The CCTV was down to Electra. Based on the way that the killer had managed to evade CCTV images for the last killings, the whole group didn’t leave much hope of finding the murderer by this method. But they went through the meticulous parts of the job as though they would find what they were looking for. The reports were back from the forensic team and once again there was little to go on. Augustine wondered how he did it. The guy was killing people on a regular basis and leaving no clues. He even bumped into the killer and had nothing to go on. The hood on his clothing as pulled so low that he didn’t get any view of his face at all. Christine’s statement said exactly the same thing.
Ash was sent out to the theatre to speak to all of the workers there. Augustine had spoken briefly to some of them the night before, but they wanted full statements and a longer conversation. Ash was always the right man to do this kind of work.

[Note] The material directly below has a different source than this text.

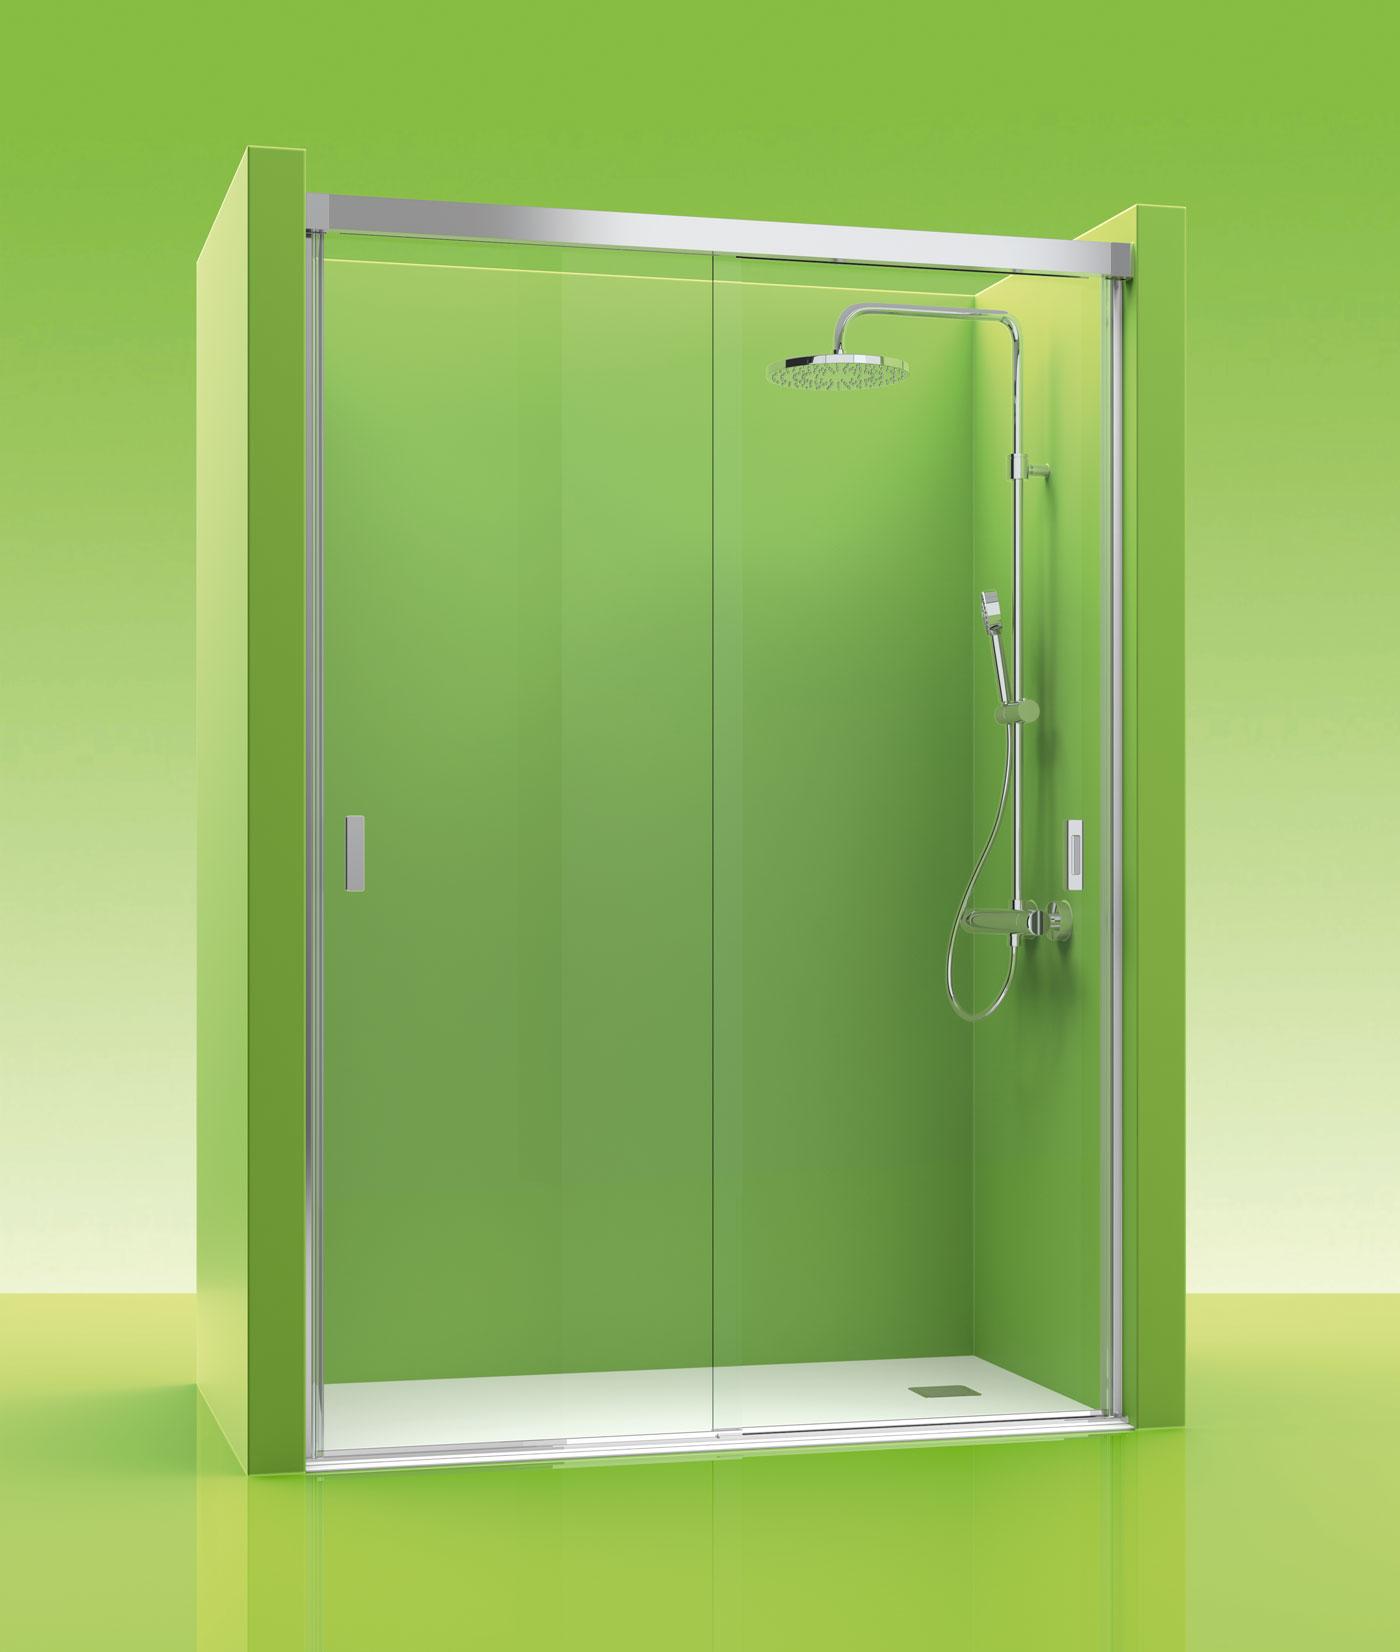 Mamparas baratas online cheap mampara de ducha frontal - Mamparas ducha online ...

He was enthusiastic and patient, so he could sit there all day and listen to the same story. He was skilled enough to spot the subtle differences in what people were telling him. He knew which strings to pull on that gave him more to go on and which strings would just pull and pull with nothing at the end. Augustine admired Ash for the way he went about this part of the job. All Augustine wanted to do was ask the glory questions. He wanted to know what other person knew. He didn’t have the time or the patience to draw it out of them slowly. Ash was the opposite. He could play all the games that people wanted to play when being questioned by a police officer or detective. He could patiently let them have their little piece of spotlight before pulling the rug out from under their feet. If there was anything to learn from the people at the theatre, then Ash would bring this back to the investigation.